The study estimates construction to start in January 2017, with production commencing in October 2017. The project’s initial cost is US$30.6 million, with total uranium production anticipated at 6.3 million lb., and operating costs of US$14.54 per lb. Total cost, including severance taxes and operational and capital spending, should average US$31.26 per lb. 

The firm expects to submit its application to convert the project’s licence from a conventional operation to an ISR in the third quarter, and wrap up permitting and licensing in 2016. 

During the third quarter, Ur-Energy forecasts producing 210,000 lb. U3O8 and keeping its full-year output guidance at 750,000 to 850,000 lb., along with contracted sales at 630,000 lb. 

Ur-Energy has 150,000 lb. left in sale contracts this year, Raymond James’ Sadowski notes. (The average 2015 contract price is US$49.50 per lb.)

Klenda points out that the company has 11 long-term contracts in place that extend to 2021, noting it signed all but one after the 2011 Fukushima nuclear incident in Japan, proving “acceptable pricing and margins” can be “achieved in the post-Fukushima environment.”  

Lost Creek is producing 70,000 lb. a month, Boberg notes. Its nameplate capacity is 1 million lb. per year from Lost Creek sources and 2 million lb. per year from all sources, including future deliveries from the fully developed Shirley basin project. 

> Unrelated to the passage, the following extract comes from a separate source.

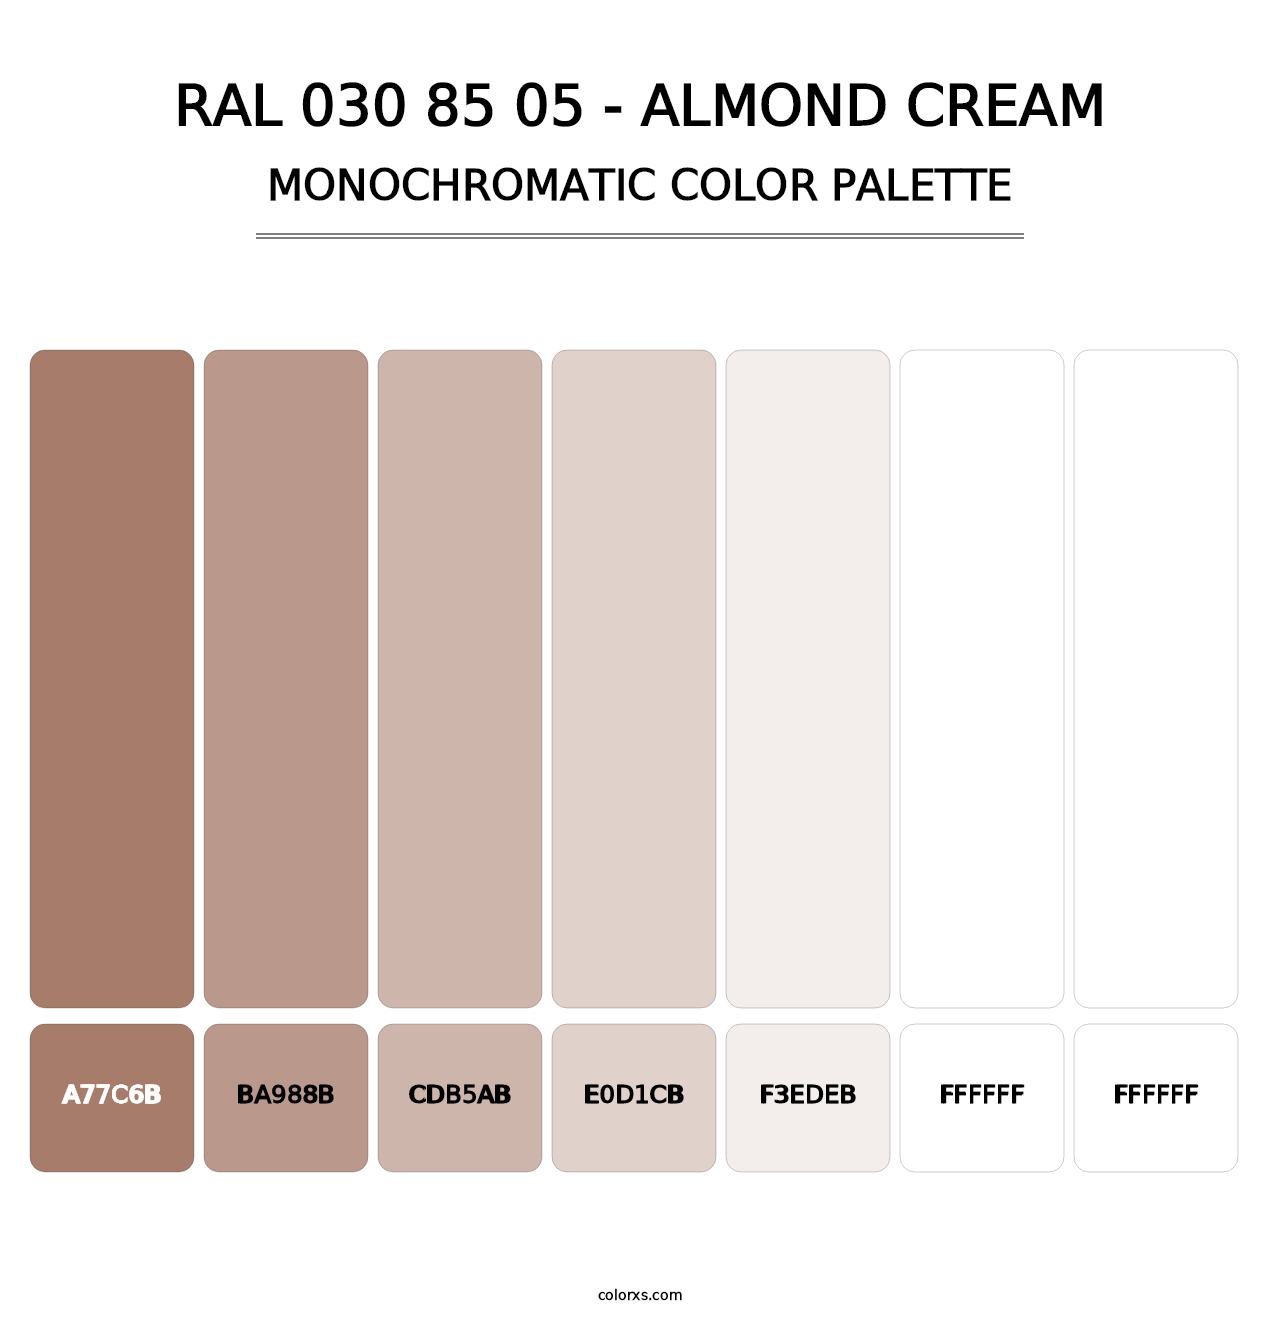 RAL 030 85 05 - Almond Cream - Monochromatic Color Palette

“The company is one of our top uranium picks, with its industry-leading cash costs and high fixed-price contracts, coupled with significant production scalability in an improving uranium macro
environment,” Sadowski says. He has a $1.80 target price. 

Cantor Fitzgerald analyst Rob Chang has a $2.60 target, with a “buy” recommendation on Ur-Energy.

The firm had US$3.6 million in cash in July, and last traded at 91¢.